Given data START
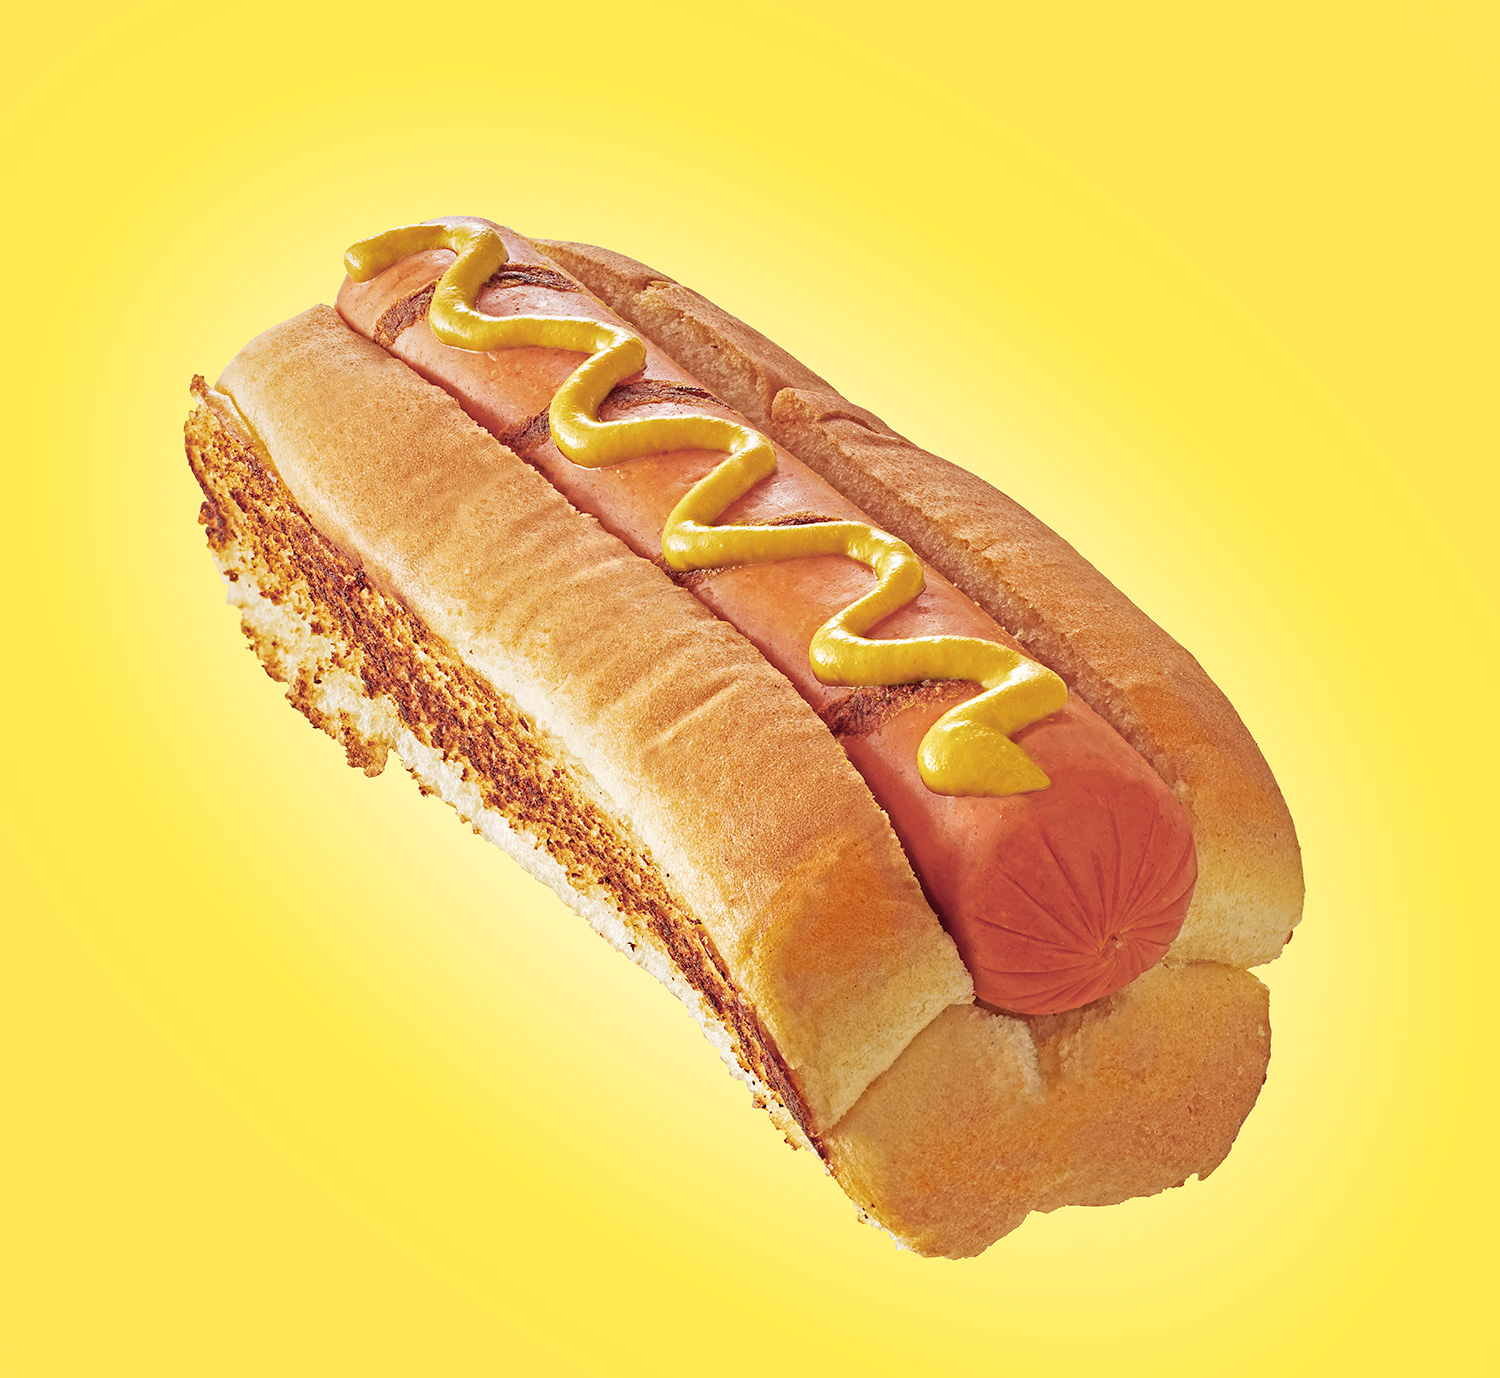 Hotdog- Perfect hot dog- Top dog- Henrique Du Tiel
Given data END
Given data START
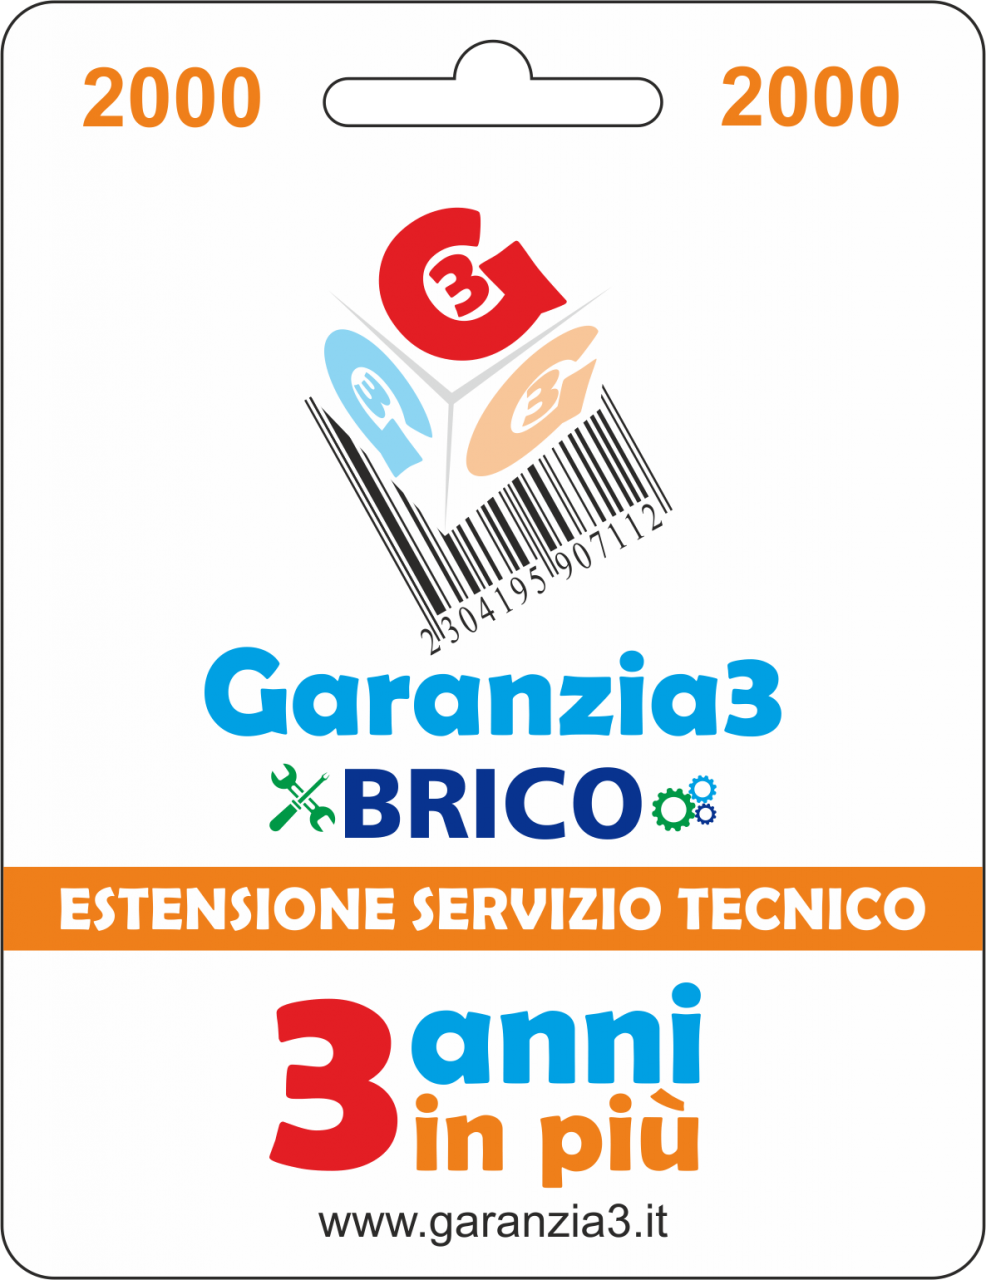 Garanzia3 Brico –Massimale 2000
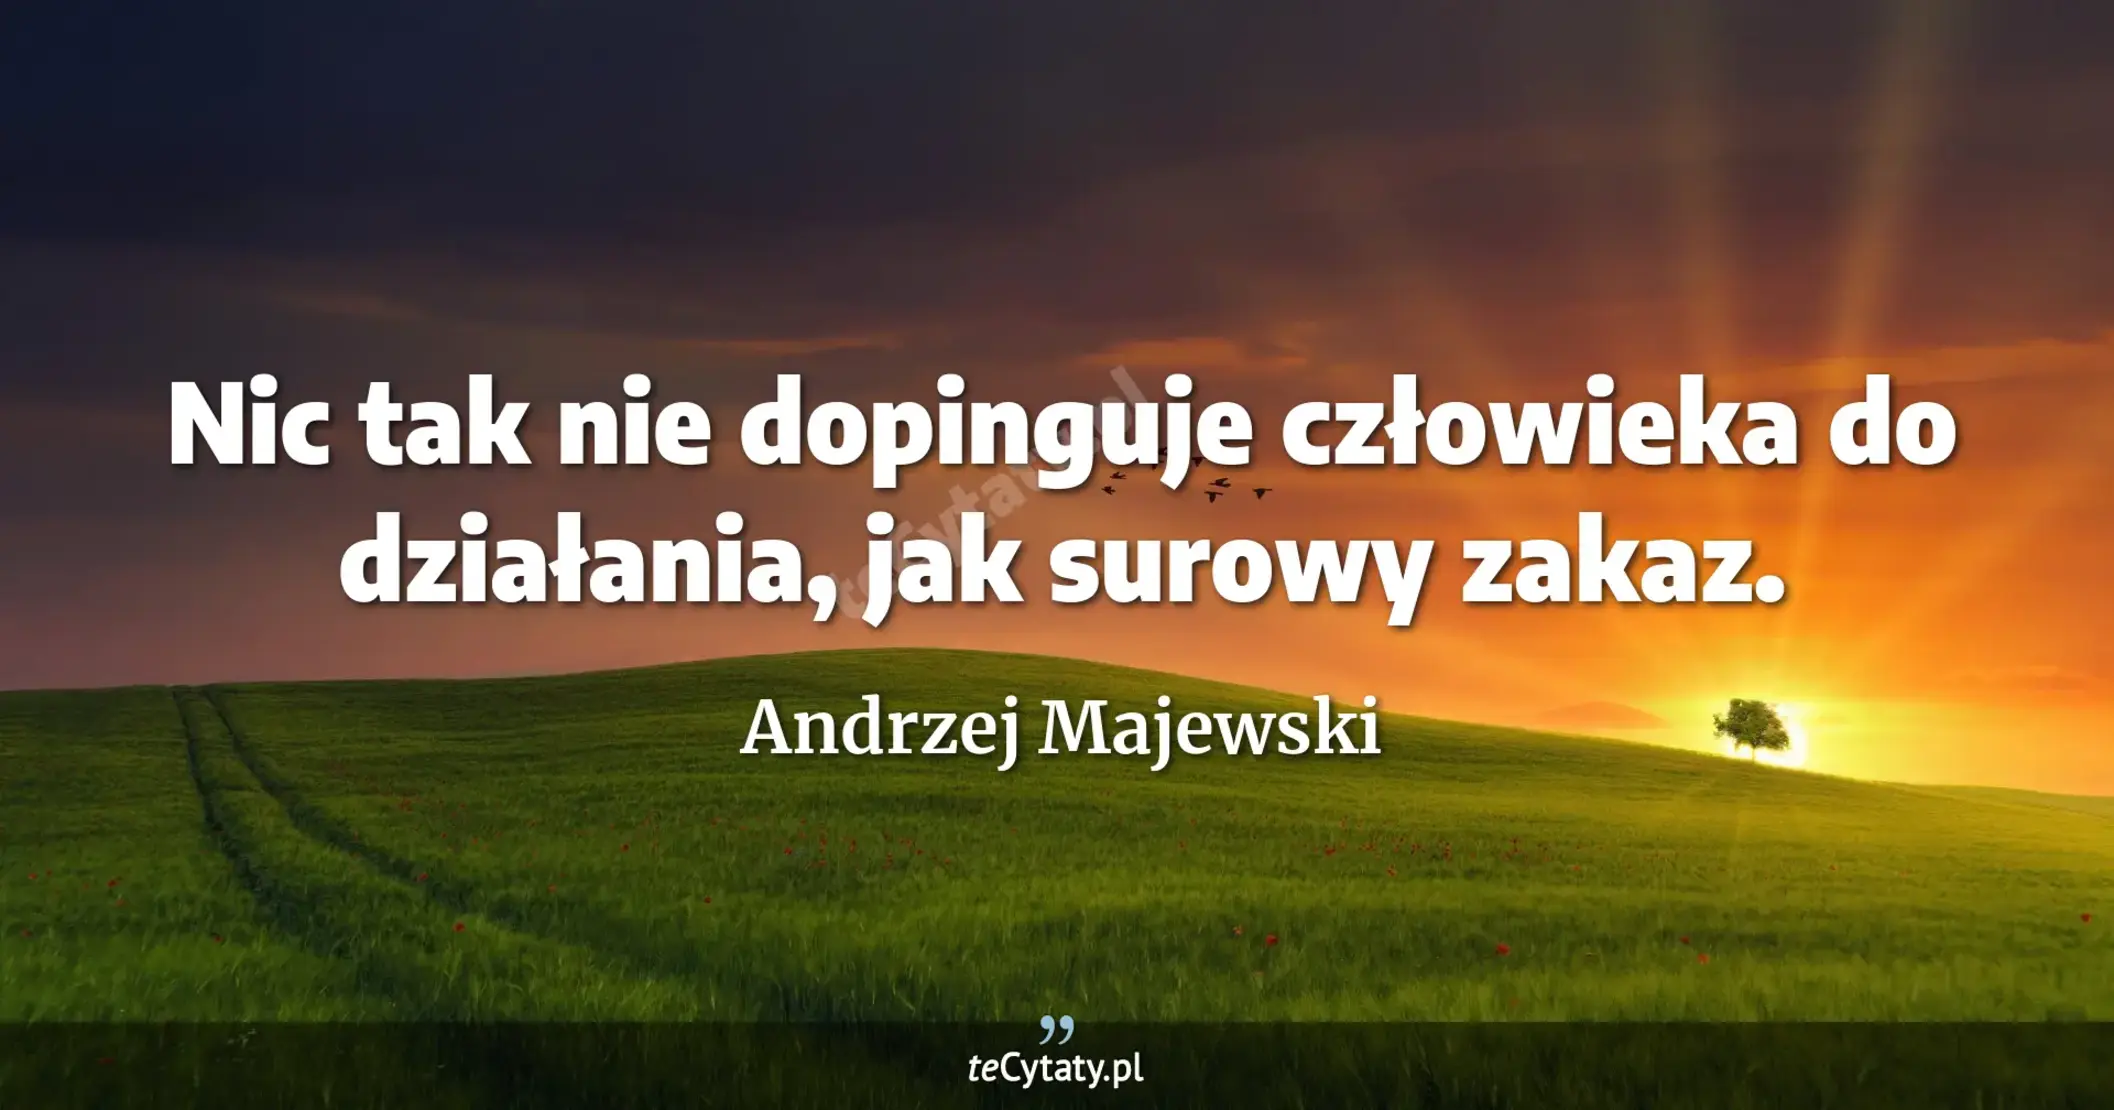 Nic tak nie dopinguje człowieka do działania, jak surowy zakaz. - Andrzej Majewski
Given data END
Given data START
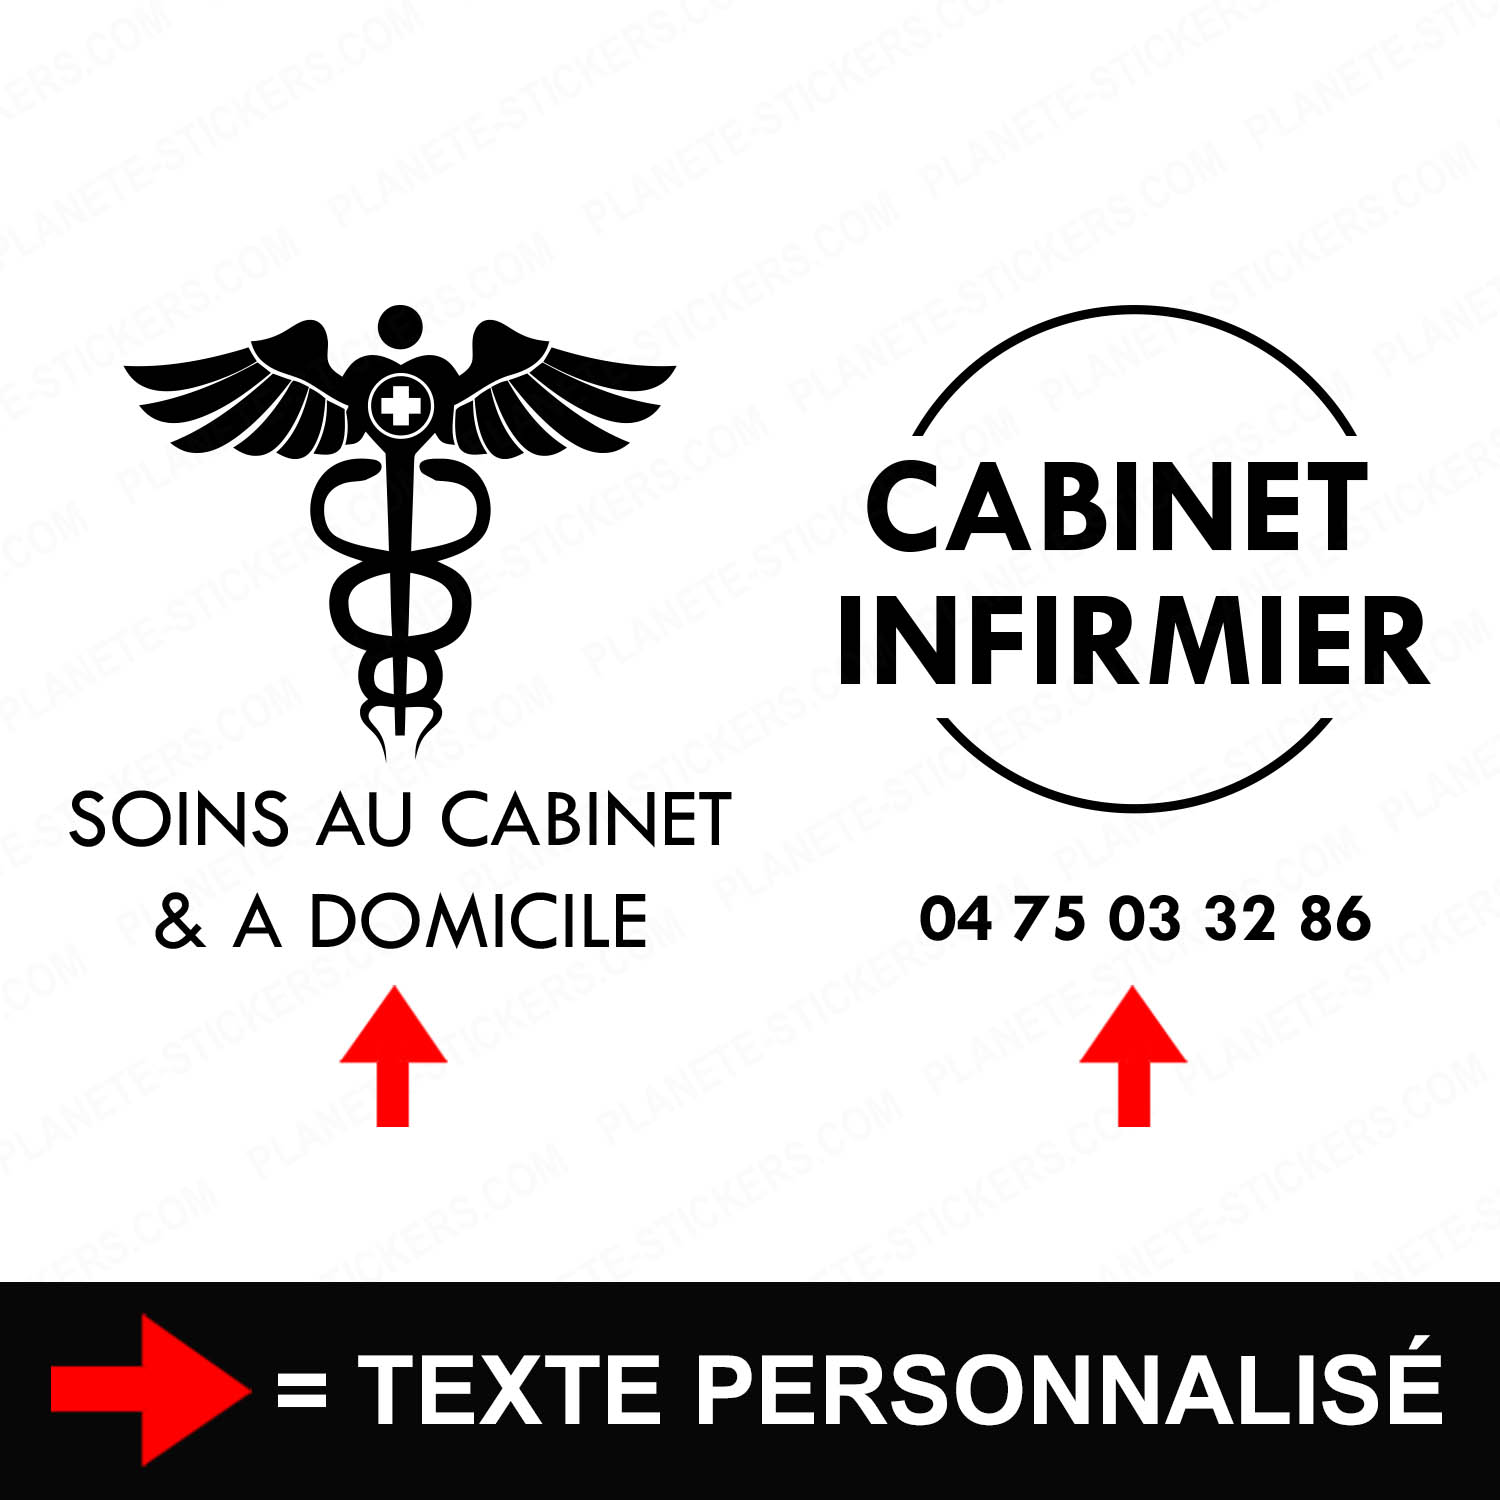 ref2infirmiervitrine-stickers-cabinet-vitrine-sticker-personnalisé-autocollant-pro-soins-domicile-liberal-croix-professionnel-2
Given data END
Once the line with "Garanzia3 Brico –Massimale 2000" is found in the data above, reproduce it and each line after it exactly, through the line with "Nic tak nie". Omit the pictures.

 Garanzia3 Brico –Massimale 2000
 Nic tak nie dopinguje człowieka do działania, jak surowy zakaz. - Andrzej Majewski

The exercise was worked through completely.